If the theory of releasing the shoulder into structural balance is applied, the muscles in the front of the shoulder are treated first, releasing the shoulder back into structural balance, and allowing the muscles in the back and top of the shoulder to release their compensation holding pattern that was counteracting the tension from the muscles in the front of the shoulder. The massage therapist will achieve greater results with much less work. In addition, the client will experience less discomfort and will be able to maintain structural balance and long term homeostasis.
Neck problems. Most clients will complain of pain in the back of the neck and at the base of the cranium. The majority of them will be holding the head forward, resulting in a reverse curvature of the cervical spine. In order to achieve structural balance, you will need to first release the soft tissue that is responsible for pulling the head and neck forward before releasing or treating the tissues at the back of the neck where the pain is located.
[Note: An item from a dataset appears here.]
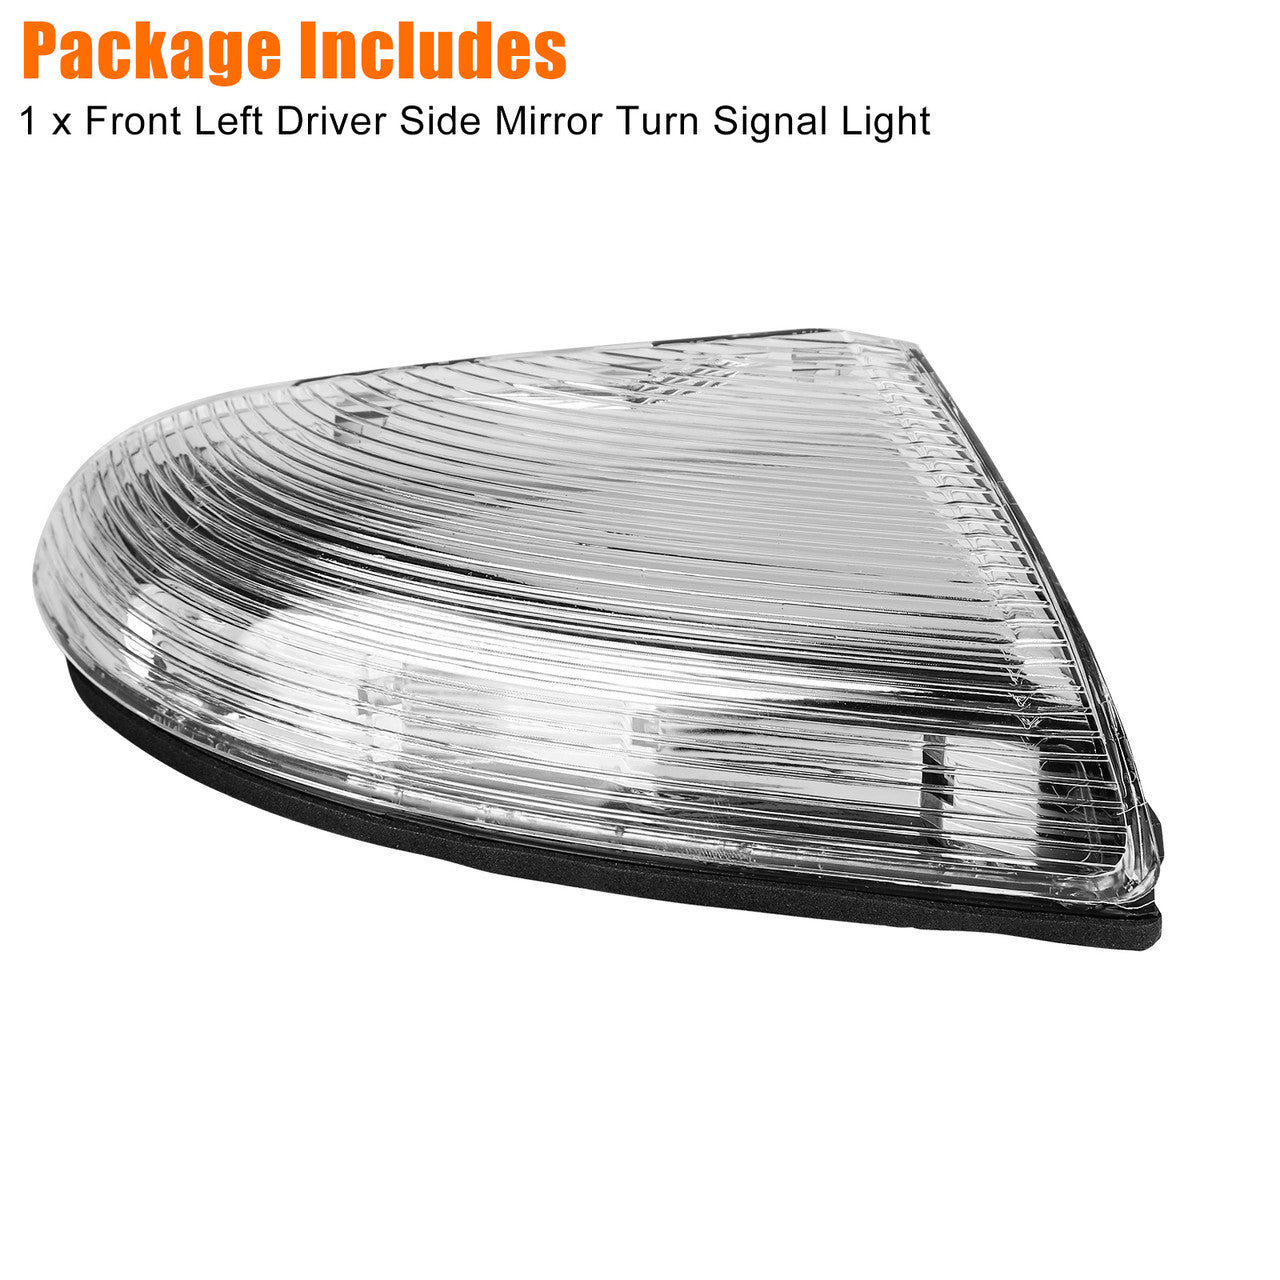 LED Left Side Mirror Turn Signal Lamp - For Dodge RAM 1500 2009-2018, 2500 2010-2018
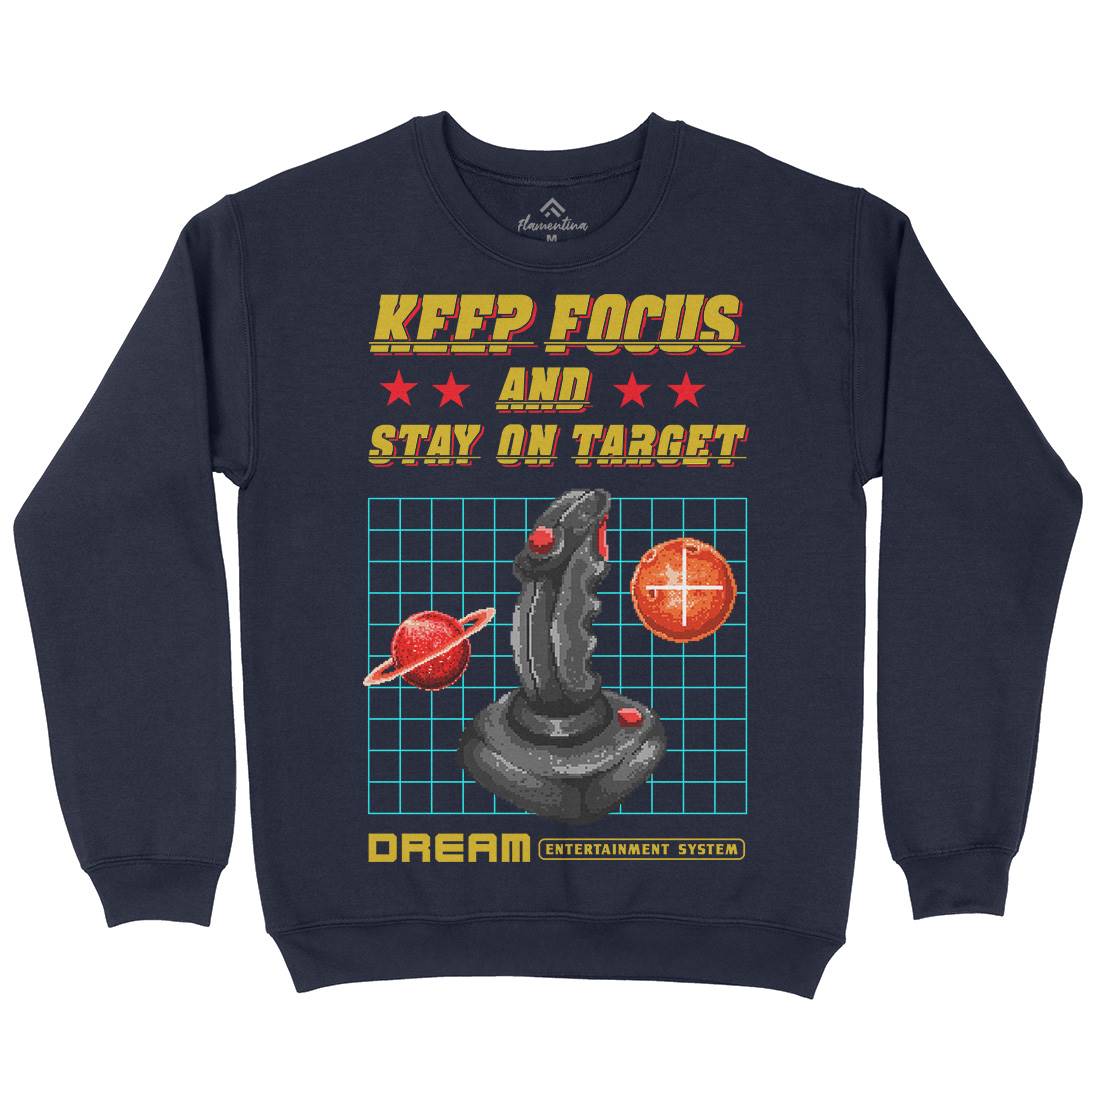 Stay On Target Kids Crew Neck Sweatshirt Geek B959

Low back. When clients present with low back pain, there is an imbalance in the pelvis that includes the legs and feet. This imbalance is not only front to back, but also involves torsion where one ilium rotates anteriorly, and the other rotates posteriorly. The most effective way to move the client into structural balance to relieve the pain is to release the leg and ilium that is rotated anteriorly first, and then the posteriorly rotated ilium/leg side.This concept of structural balancing to achieve long-term results, while working within client comfort levels, can be applied to any musculoskeletal imbalance found in the body.